One of the biggest problems with this is the issue of where do the phones go when they are no longer needed - the companies have not instituted real recycling programs, and only some communities have e-waste days a few days of the year - so where does the rest of this waste go? Right in the garbage, to be incinerated and buried along with the rest of our garbage. However, e-waste is laden with heavy metals like lead and mercury, which slowly work their way into our groundwater and our air, making for more and more pollution.
So what is my solution? Make cellphones expensive, like the iPhone. I have an iPhone, and it will be a very long time before I get a new phone because it was not cheap. It does everything I need it to (and more), and even though a new model just came out, mine works just fine, thank you! If everyone had to cough up real money for their phone, they might think long-term about which model they were buying and get something that will last them a few years rather than a few months.
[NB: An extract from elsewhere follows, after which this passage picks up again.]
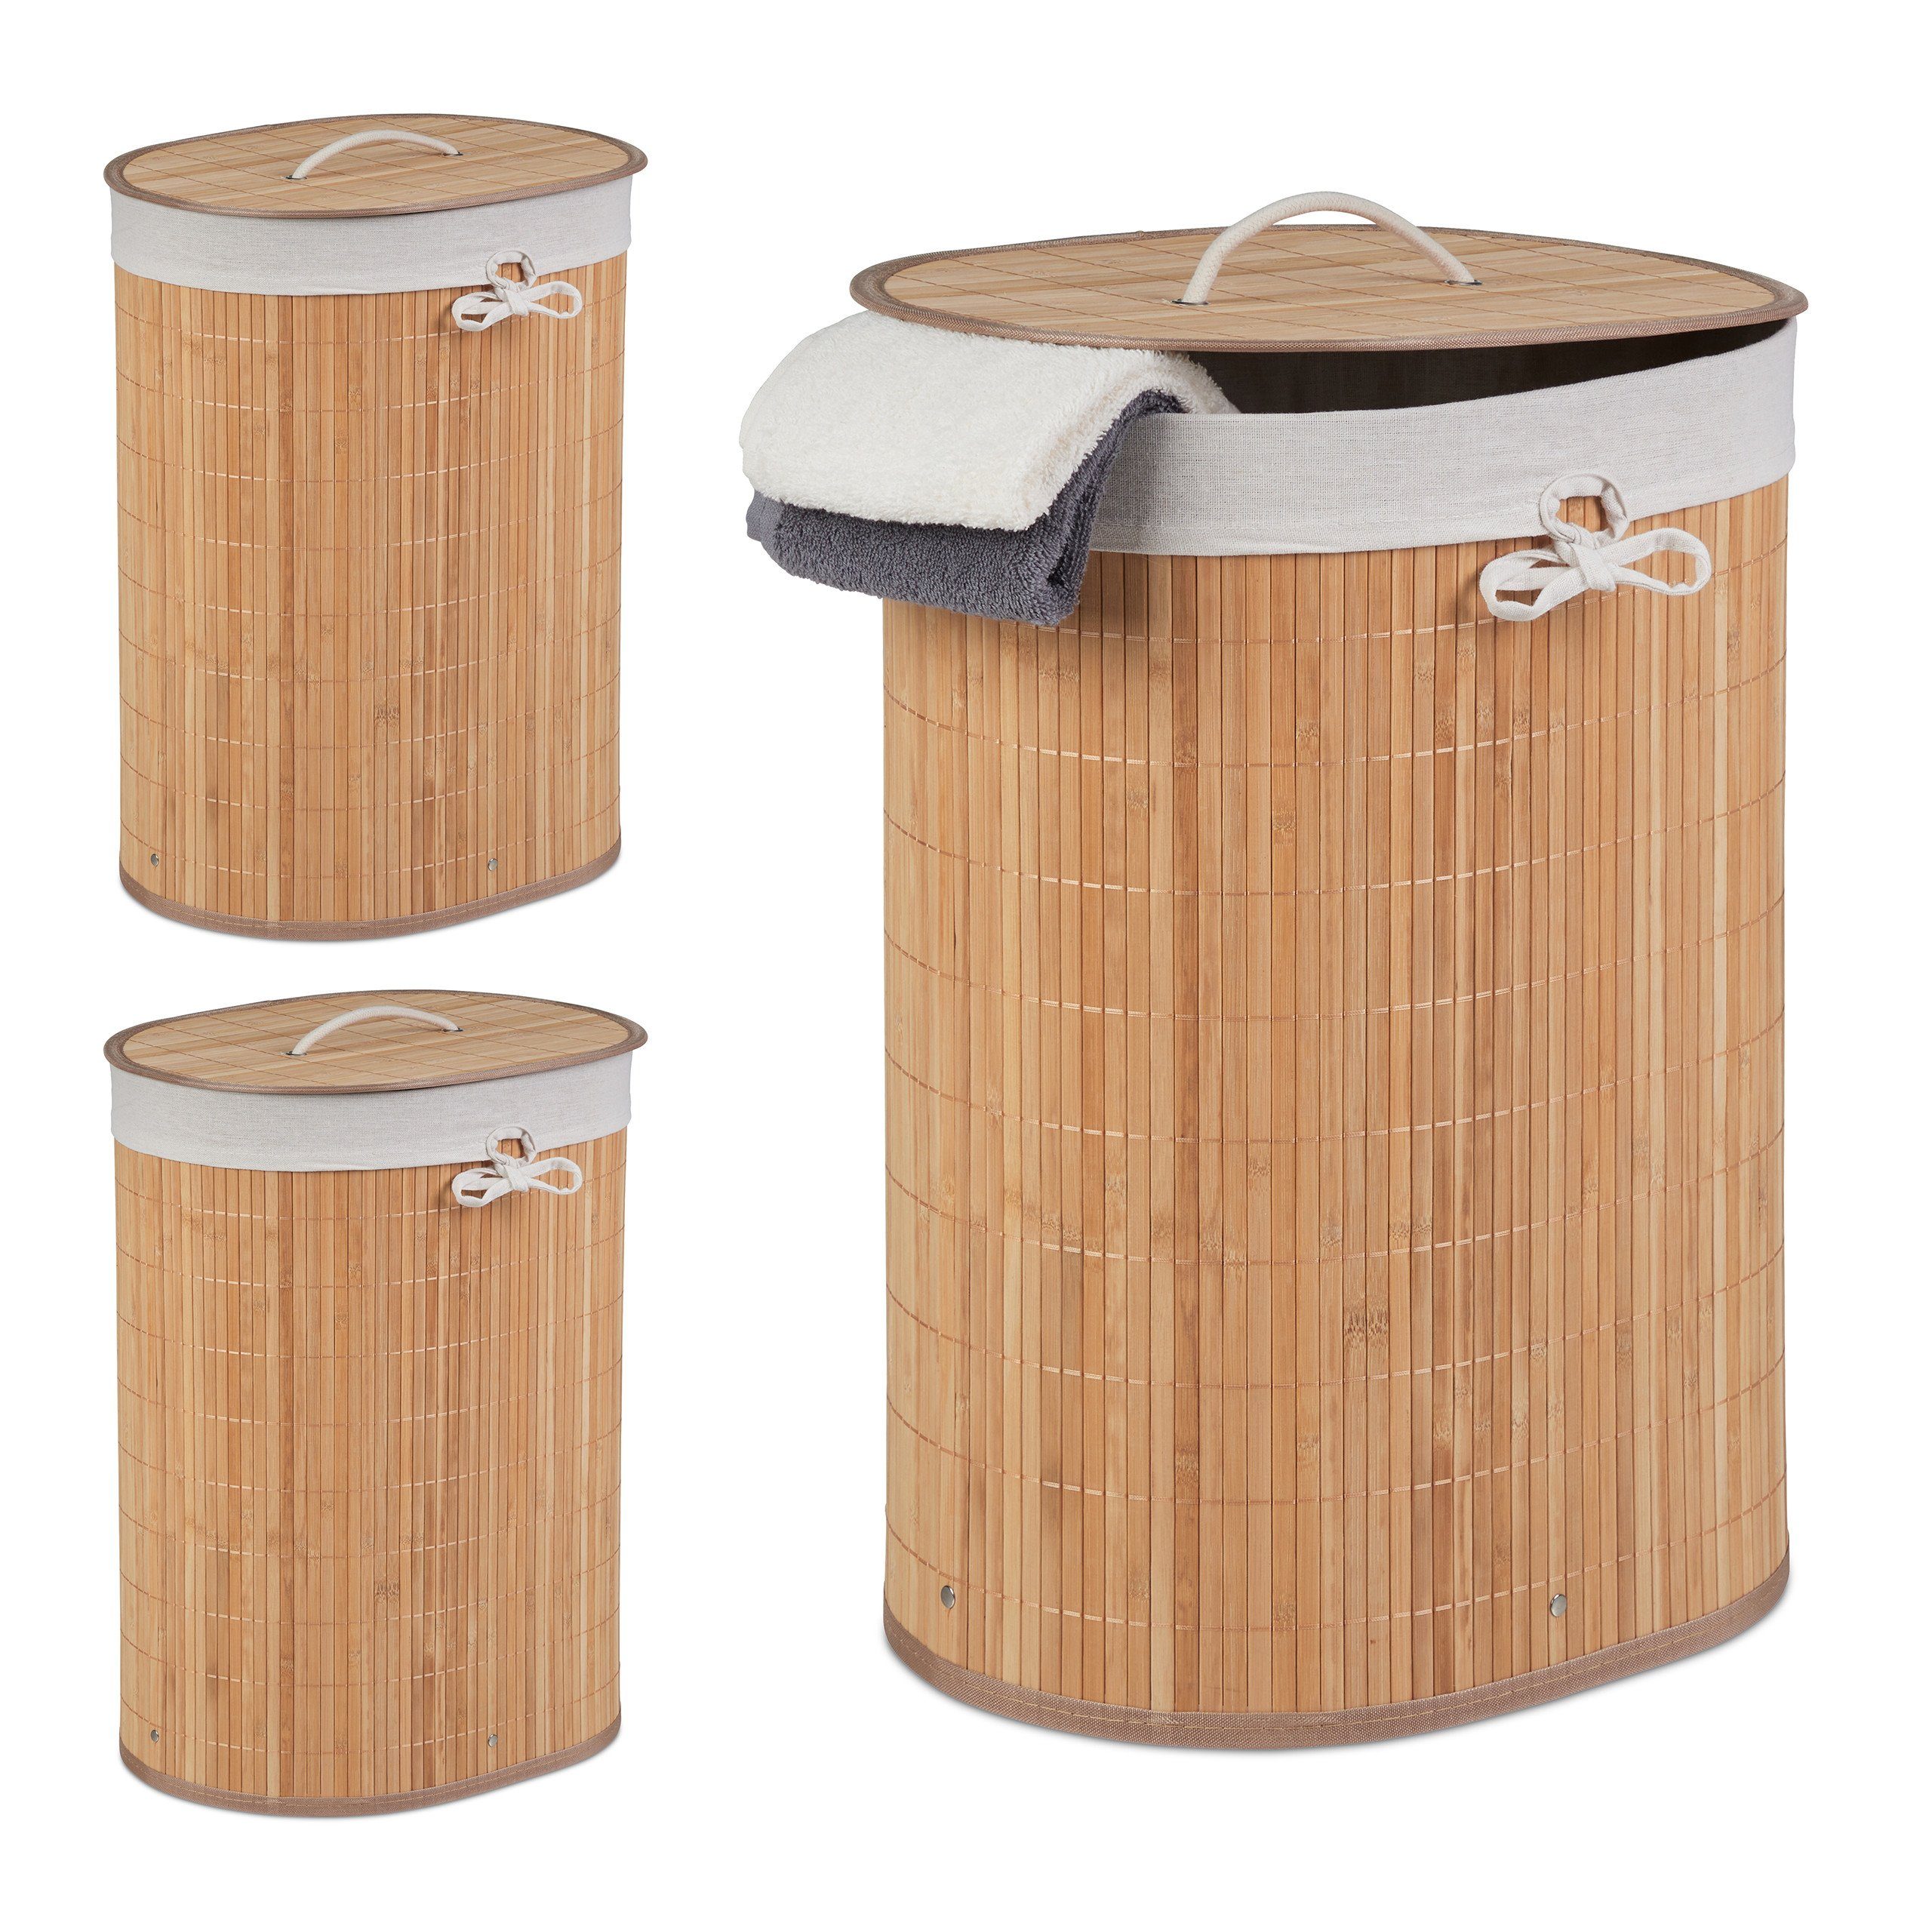 relaxdays Wäschekorb »3 x Bambus Wäschekorb oval natur« online kaufen | OTTO
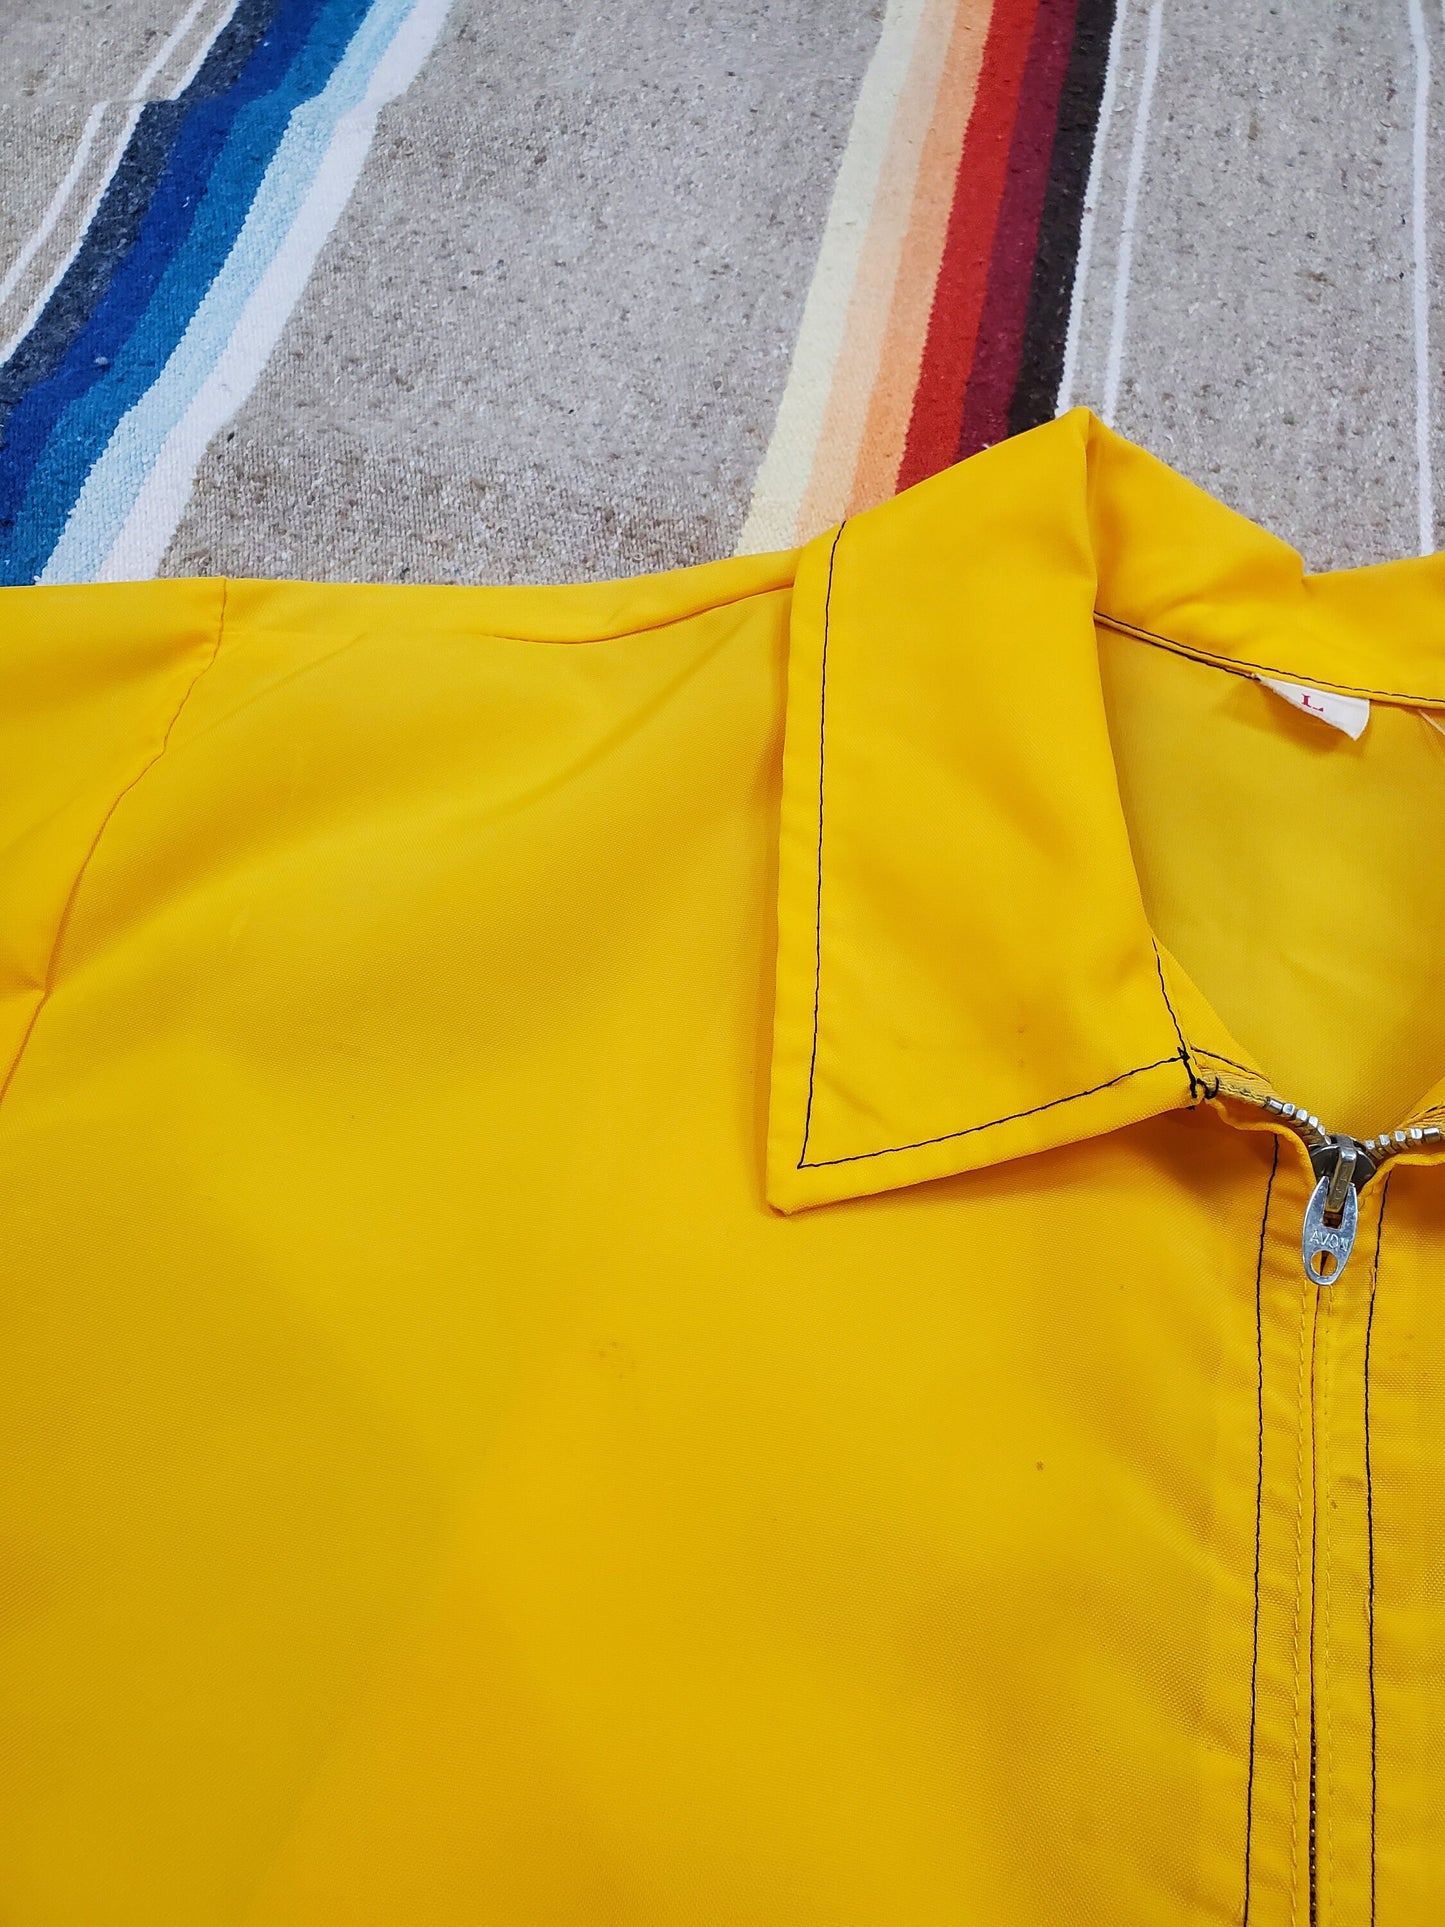 1970s/1980s Avon John Deere Zip-Up Nylon Windbreaker Jacket Size L/XL

We could keep millions of toxic cellphones out of our landfills, cleaning up our environment; companies could cut back on the natural (and unnatural) resources that they use to make these hundreds of millions (or billions) of phones each year; and we could really think about what we are buying instead of blindly picking the newest “latest and greatest” every 6 months because we are so concerned about what people think of our phones. How long would you keep your cellphone if you had actually paid good money for it?
426,000 phones thrown out every day X 365 days a year = 155,490,000 phones discarded in the United States alone each year. That is a scary number!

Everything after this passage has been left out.